Les origines de la politique de la ville peuvent être situées à la fin des « trente glorieuses », quand les pouvoirs publics ont inventé une procédure spécifique dédiée à l'avenir des grands ensembles HLM.

L'histoire de la politique de la ville peut être appréhendée de deux manières distinctes : soit en mettant l'accent sur le cheminement d'un dispositif d'action publique créé à la fin des « trente glorieuses » afin d'améliorer les conditions de vie urbaine, principalement au sein des grands ensembles de logements collectifs ; soit, ce qui est notre option, en replaçant cette histoire dans une approche séculaire destinée à appréhender les manières dont les pouvoirs (locaux et nationaux) se sont saisis de la question du logement populaire au sein des nouveaux espaces urbains.

Une approche séculaire

L'arrivée massive de nouvelles populations dans les villes au XIXe siècle dans le cadre de la révolution industrielle a provoqué un véritable bouleversement à la fois social et urbanistique. Deux questions majeures se posent alors aux autorités : comment assurer le logement de toutes ces populations et comment assurer l'ordre public et éviter la constitution de territoires urbains qui seraient précisément hors de contrôle des autorités politiques et administratives ?

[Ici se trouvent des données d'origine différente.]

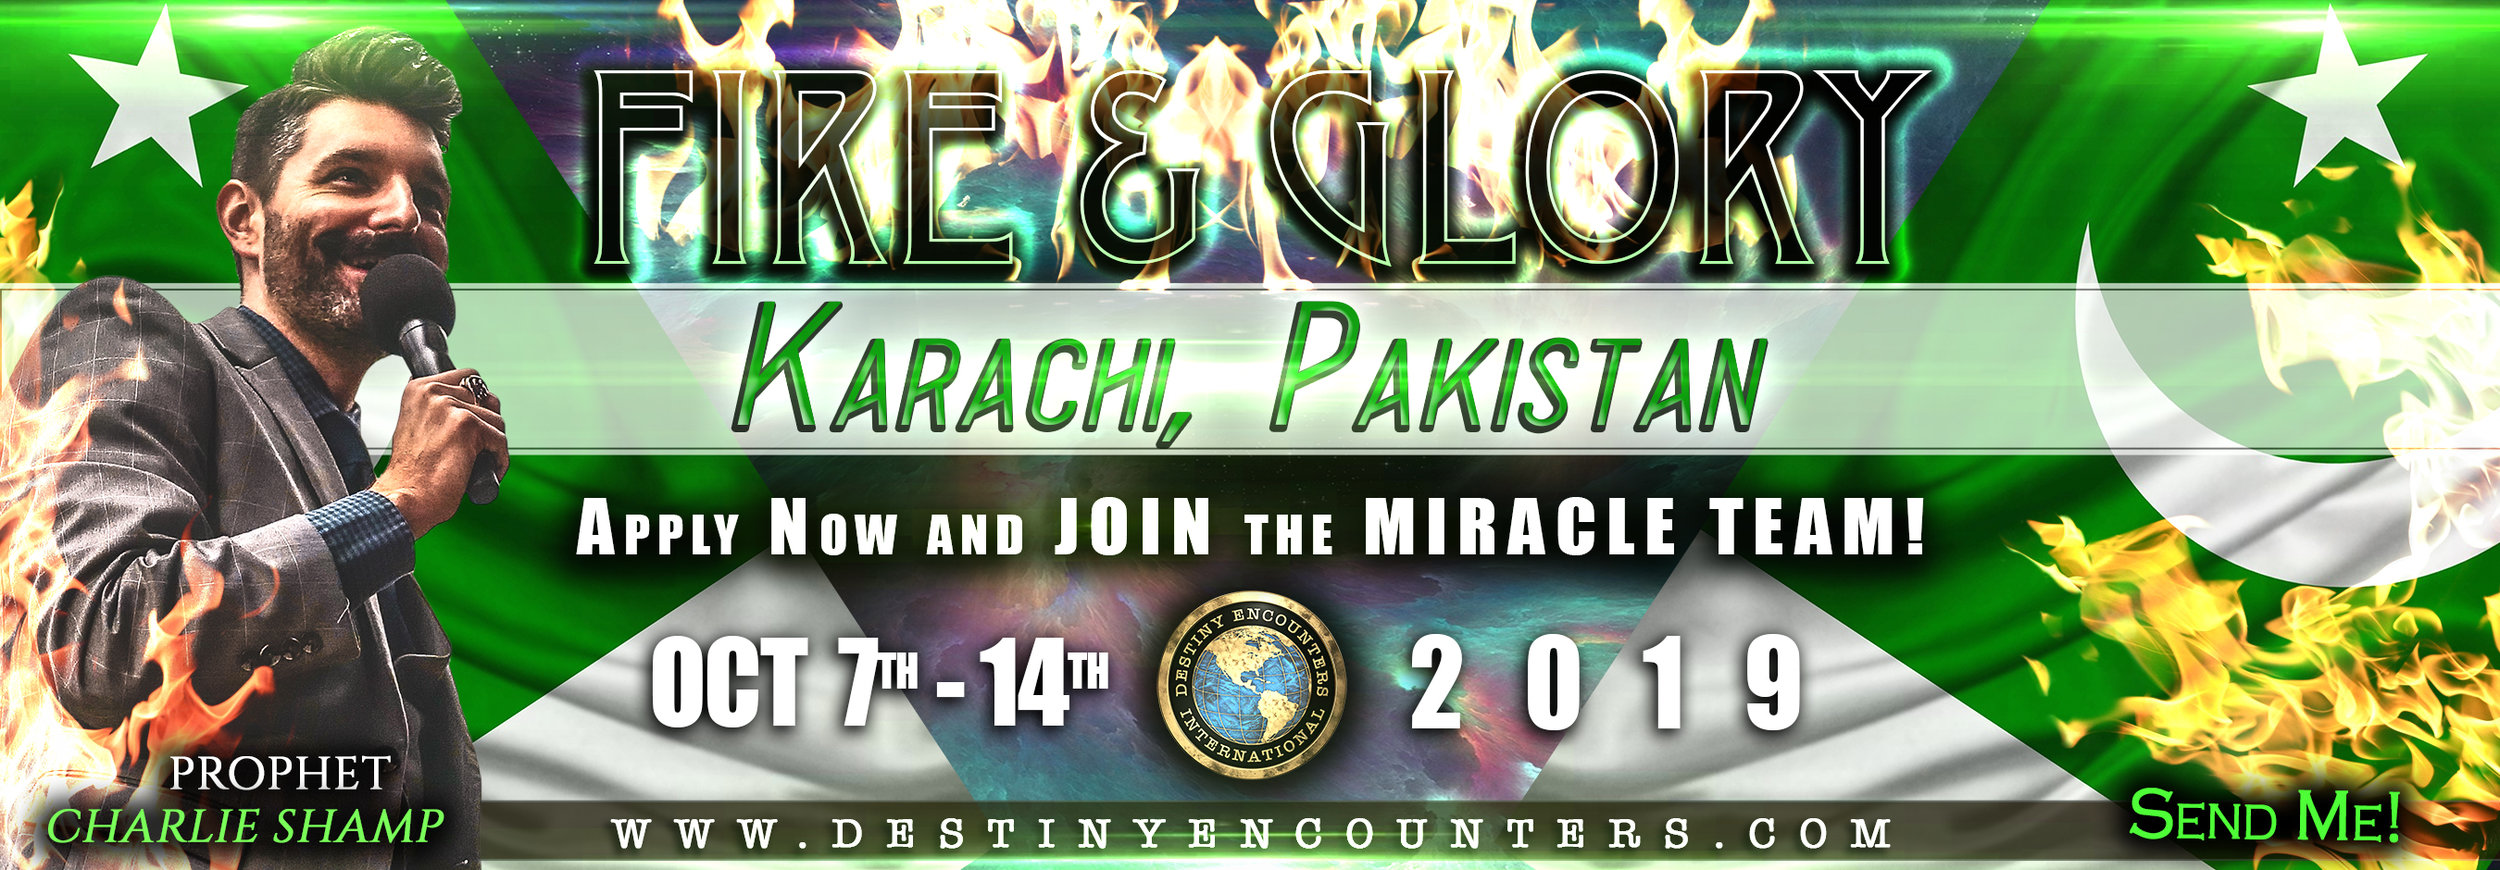 Karachi Pakistan Team 2019  Banner.jpg

De ce point de vue, la loi sur la création des habitations à bon marché de 1894 ainsi que la loi Cornudet de 1919, destinée à réglementer la croissance urbaine par l'obligation pour les villes de produire des plans d'extension et d'embellissement, peuvent être perçues comme les deux premières législations nationales instaurant une véritable politique de la ville réglementaire.

À cet égard, on constate qu'au cours de la première partie du XXe siècle ce sont précisément les villes qui ont servi de laboratoires urbains et sociaux pour l'expérimentation de nouveaux modèles, en particulier celui des cités-jardins qui suggère une approche rationalisée et modernisée de l'urbanisme moderne.

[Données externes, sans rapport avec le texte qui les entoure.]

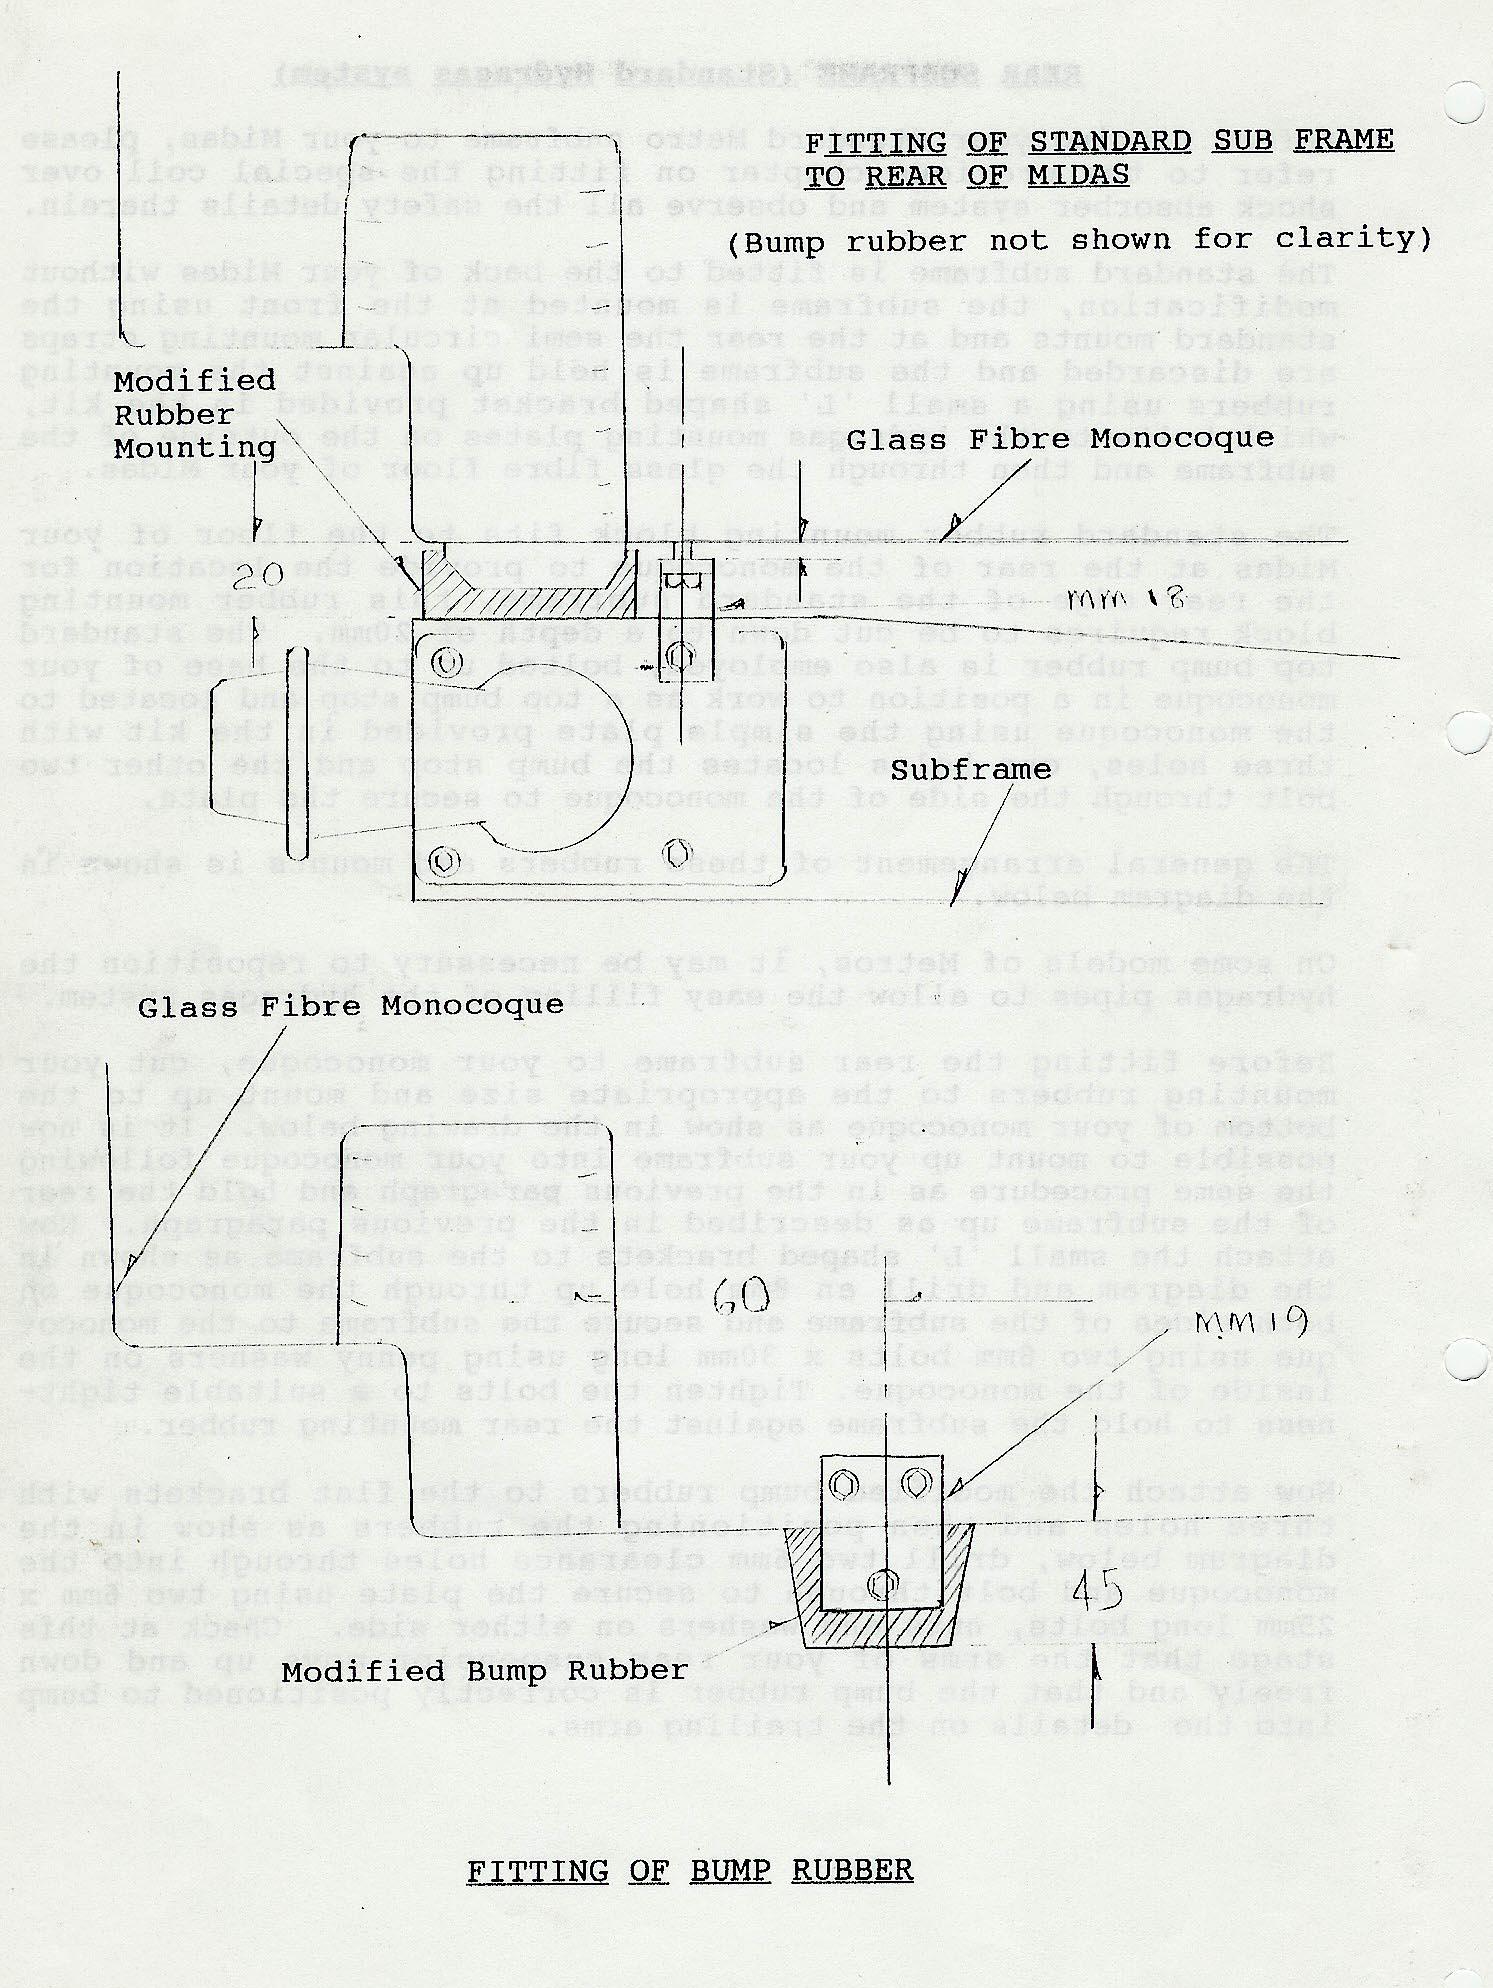 Downloads Midas Owners Club Rover 200 Wiring Diagram Pdf Rear Bump Stop Diag 1 399kb Jan 15 2014 064937 Pm

Le choc des « trente glorieuses »

La situation telle qu'elle apparaît au lendemain de la Seconde Guerre mondiale conduit les pouvoirs publics à définir une politique urbaine réellement en capacité de relever le défi de la reconstruction, et en mesure d'assurer le bien-être social des populations destinées à devenir les opérateurs de la croissance économique qui s'annonce. Plusieurs critères sont définis à cette occasion.

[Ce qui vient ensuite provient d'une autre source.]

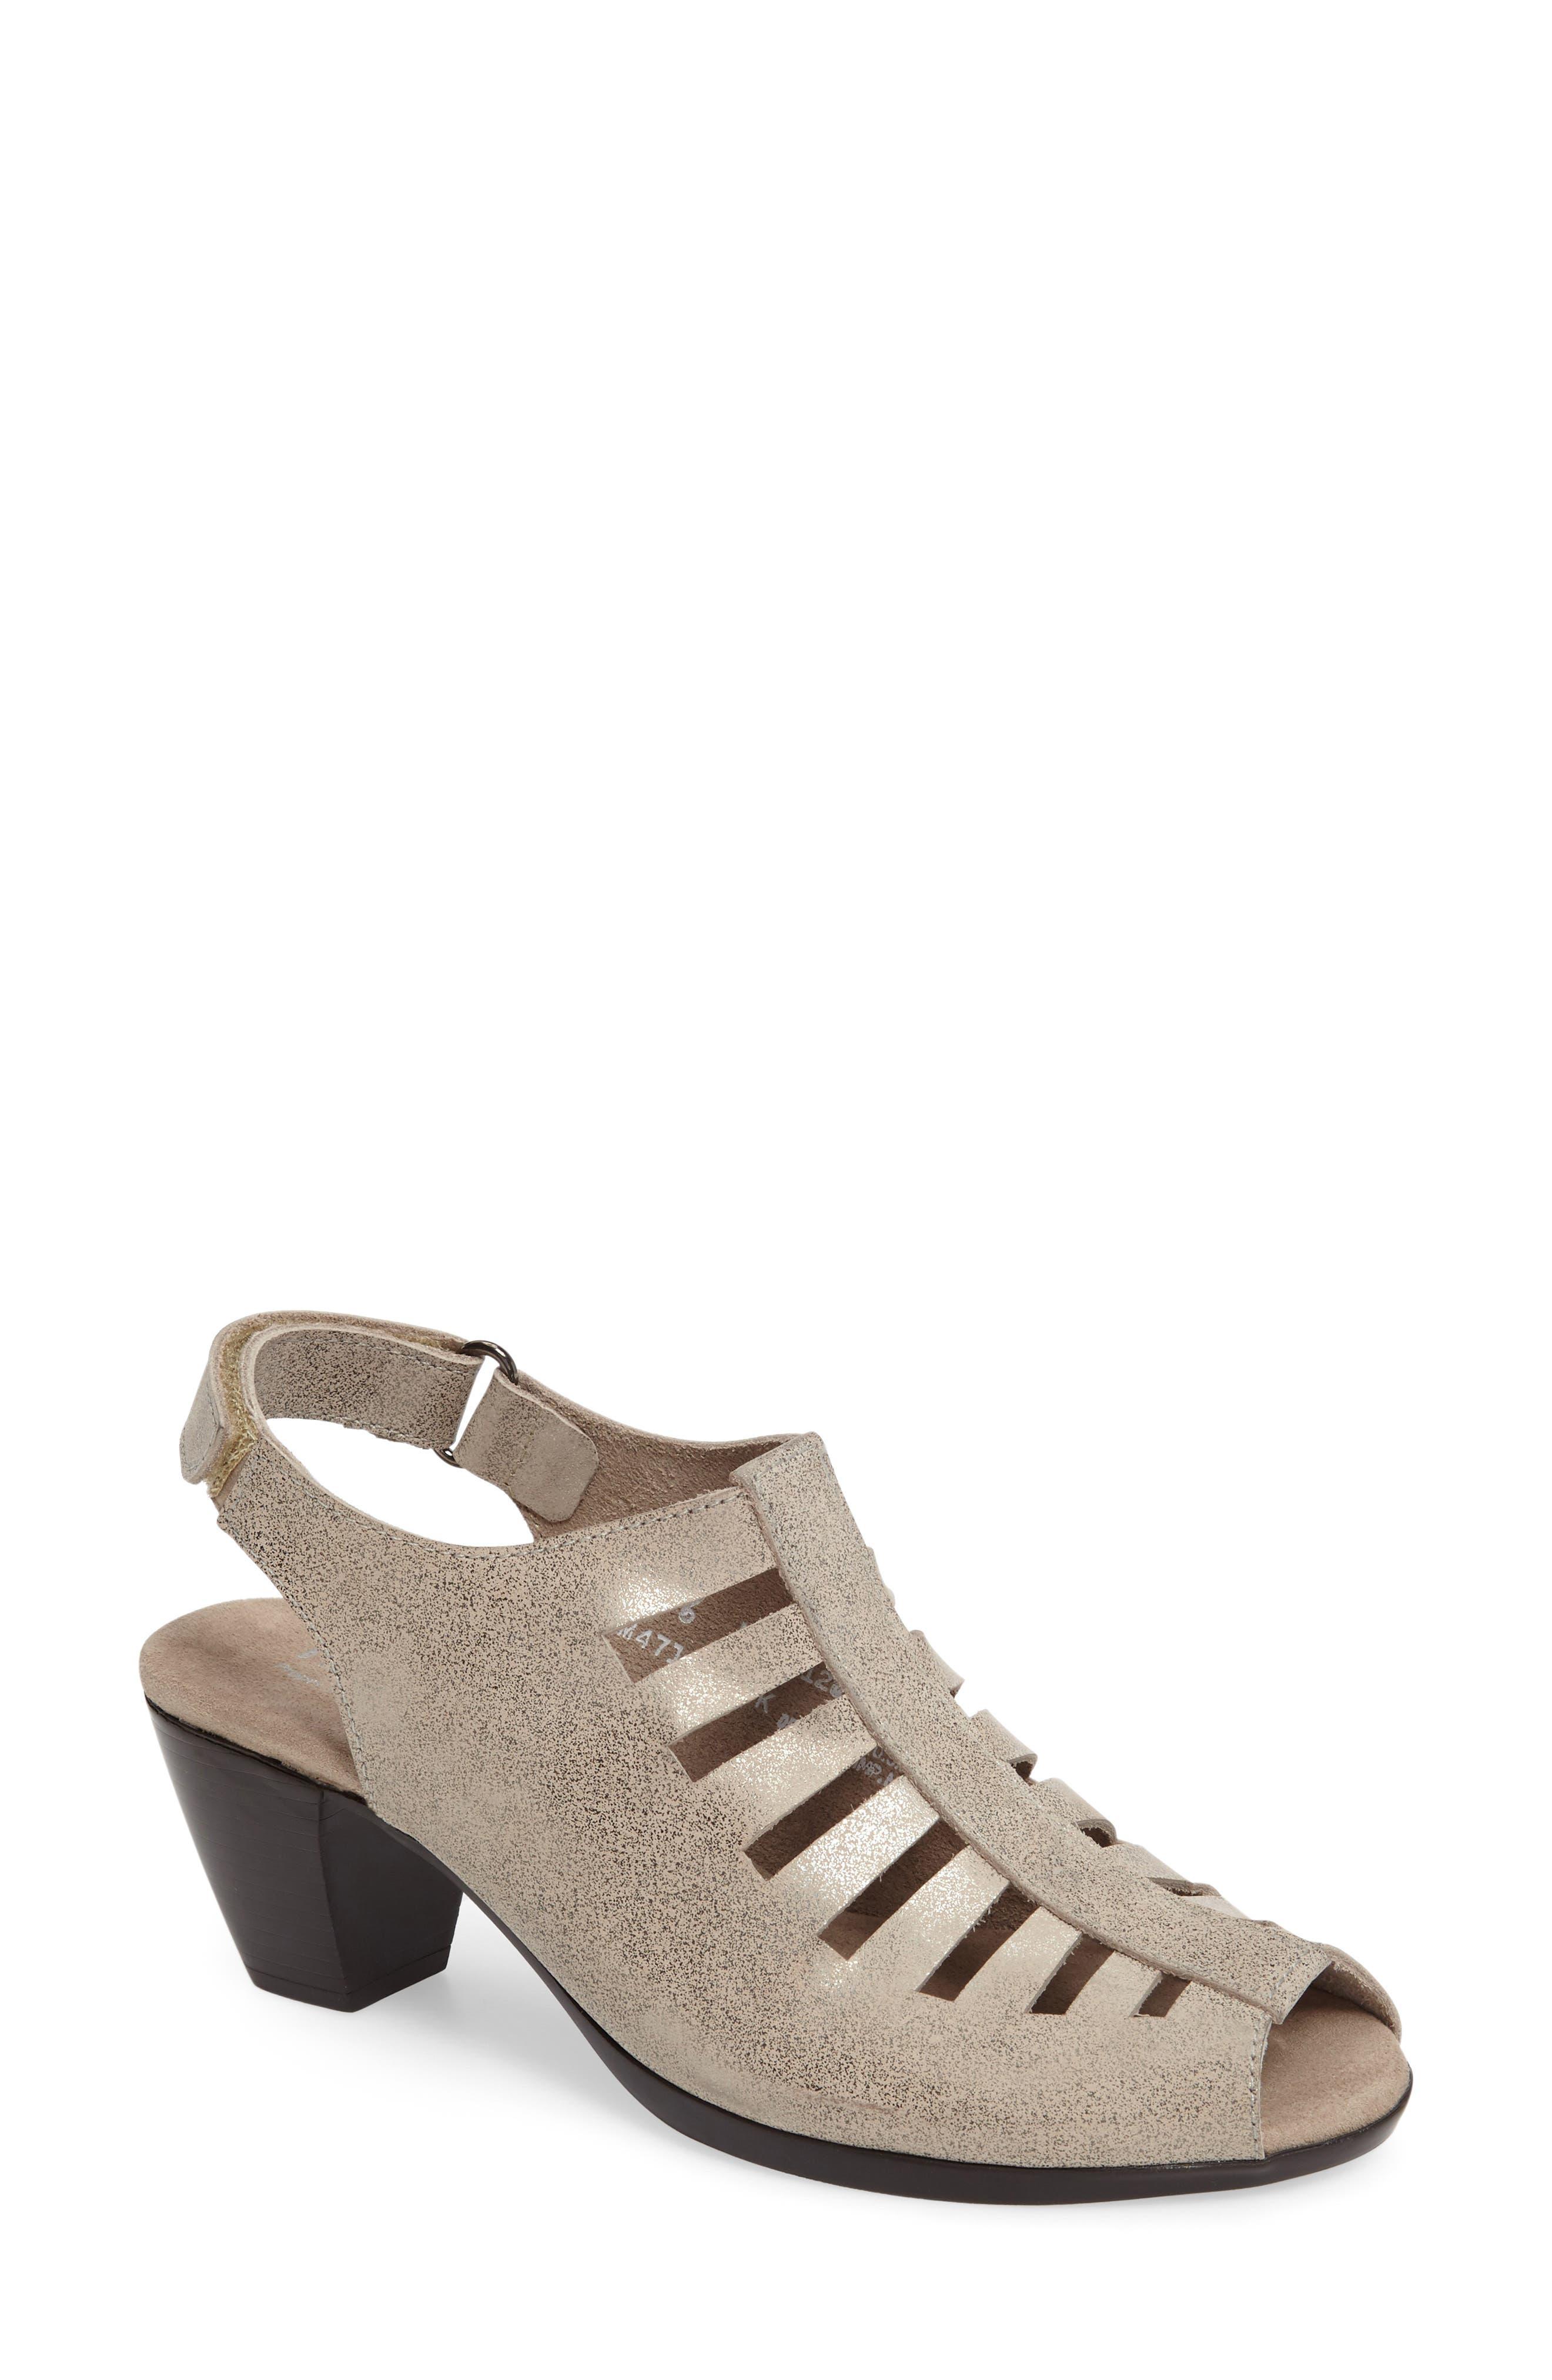 'Abby' Slingback Sandal,                         Main,                         color, Silver Metallic

Tout d'abord, et c'est une rupture majeure avec la période précédente, c'est désormais l'État qui prend en charge directement la conduite de la politique urbaine. Sous l'égide du ministère de la Reconstruction et de l'Urbanisme (MRU), et dans le cadre des objectifs d'aménagement visant à rééquilibrer le territoire national entre Paris et la province, il est décidé la mise en œuvre d'une politique ambitieuse de constructions de logements. L'objectif est de garantir le volet logement dans la définition et dans l'exécution des plans de modernisation économique et sociale. La France connaît en effet un retard extrêmement préoccupant en matière de mises en chantier de constructions neuves : à peine 70 000 mises en chantier en 1948, alors que le Commissariat général au Plan prévoit un rythme annuel de 300 000, et cela sur une période de trente années.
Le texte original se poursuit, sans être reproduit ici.